**What you are asked to do**
Your answer must be the exact lines from the one with "Gunfire Shuts Down" to the end of the data, both included, with no pictures.

**Data segment**
──────────────────────────────

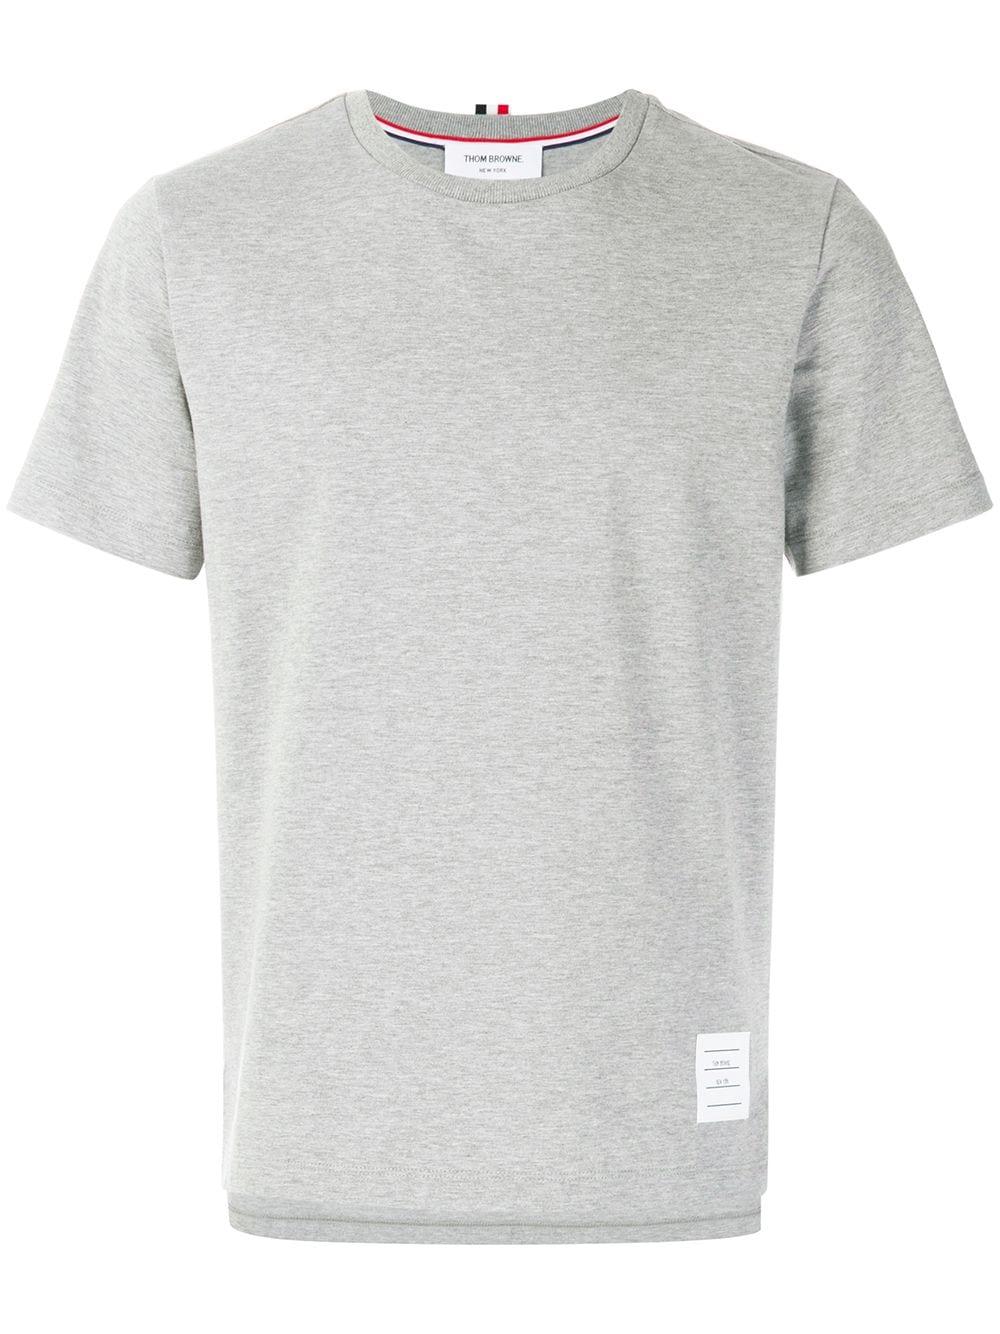 Camiseta de Thom Browne / Foto: Farfetch
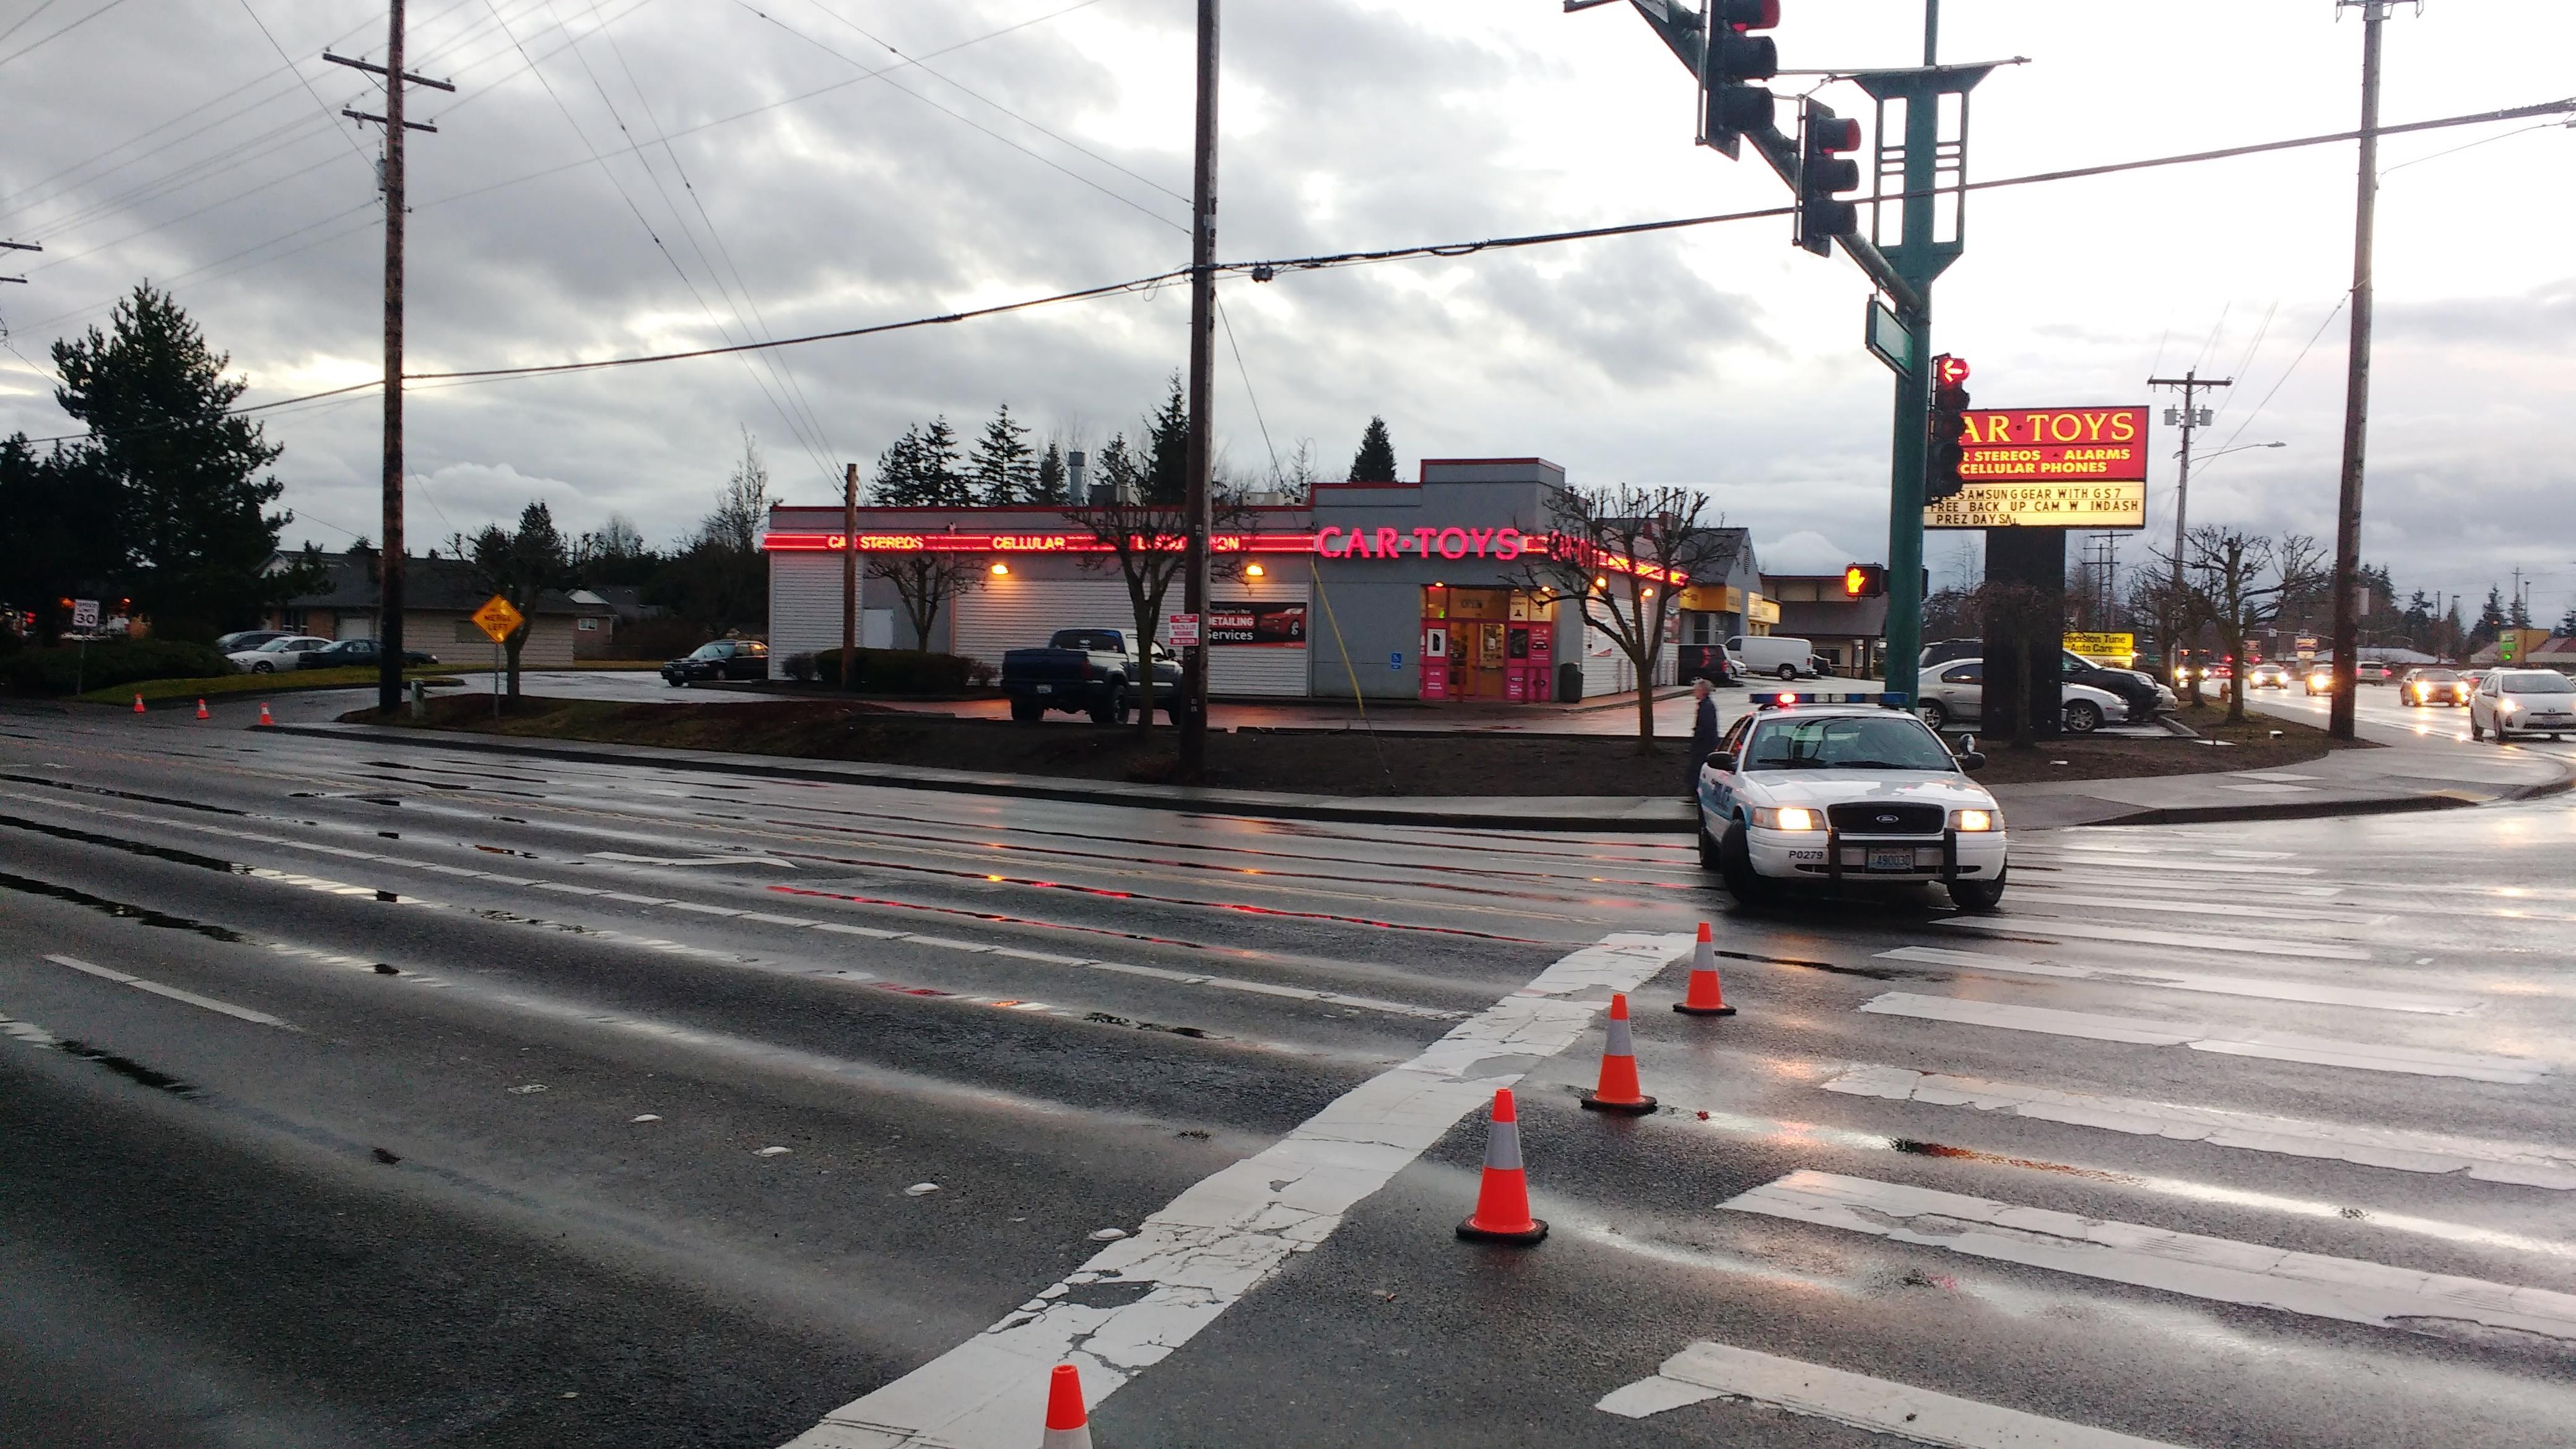 Gunfire Shuts Down 4th Avenue West Myeverettnews Com
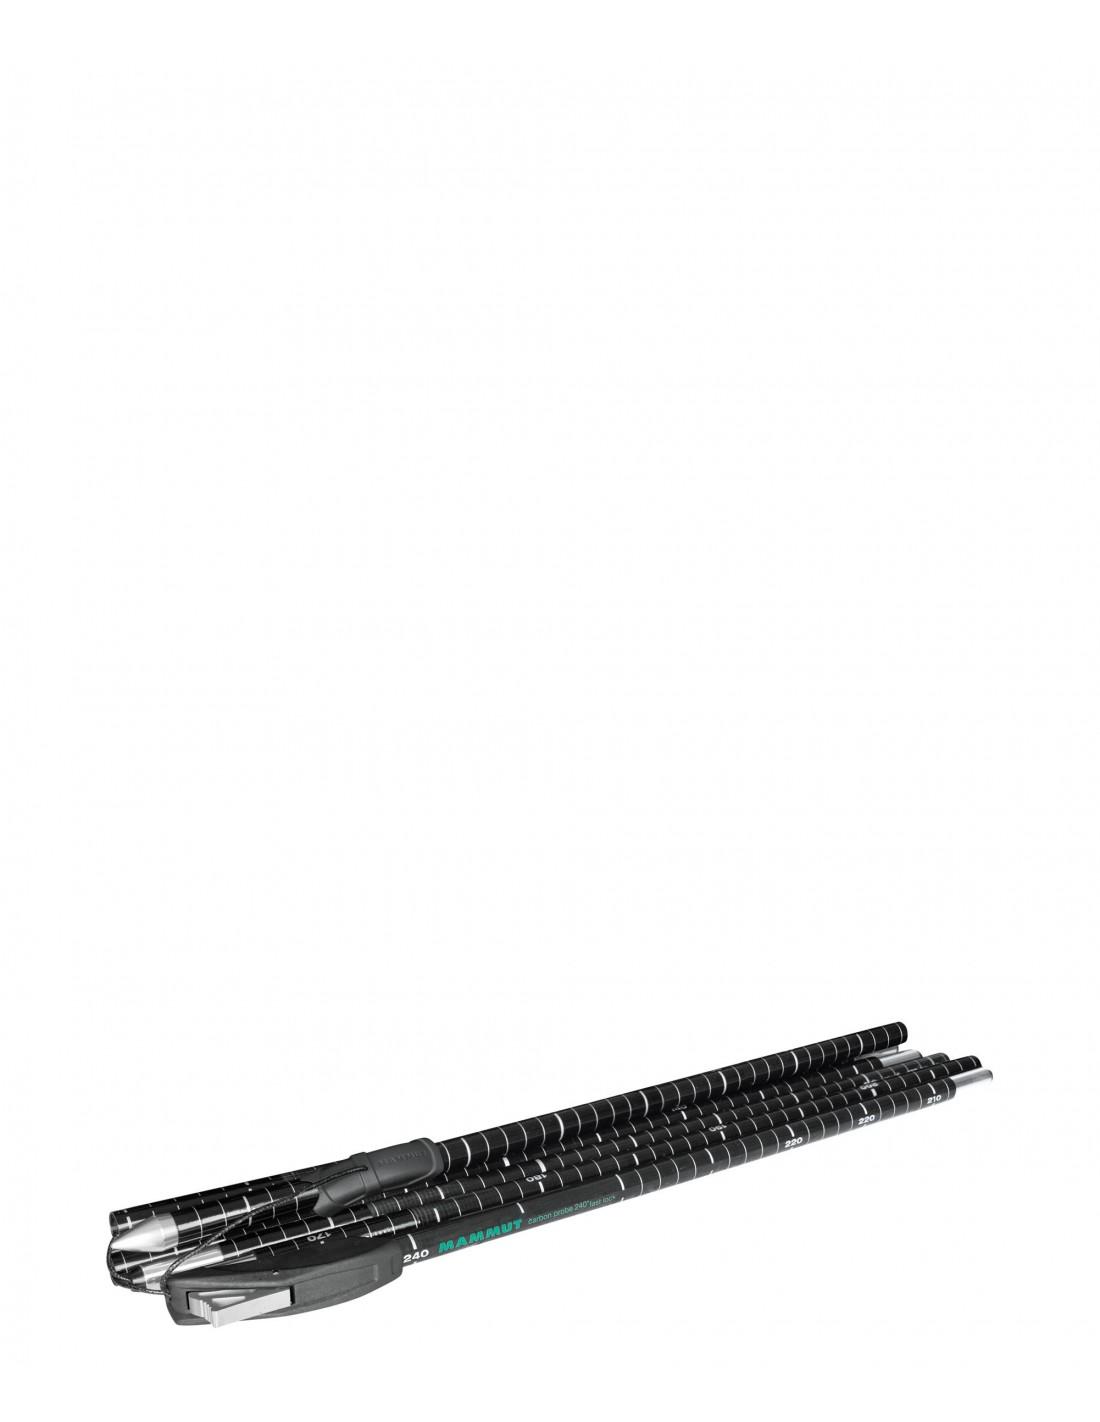 mammut lawinensonde carbon probe 240 fast lock zum. Black Bedroom Furniture Sets. Home Design Ideas

──────────────────────────────

**Exercise response**
 Gunfire Shuts Down 4th Avenue West Myeverettnews Com
 mammut lawinensonde carbon probe 240 fast lock zum. Black Bedroom Furniture Sets. Home Design Ideas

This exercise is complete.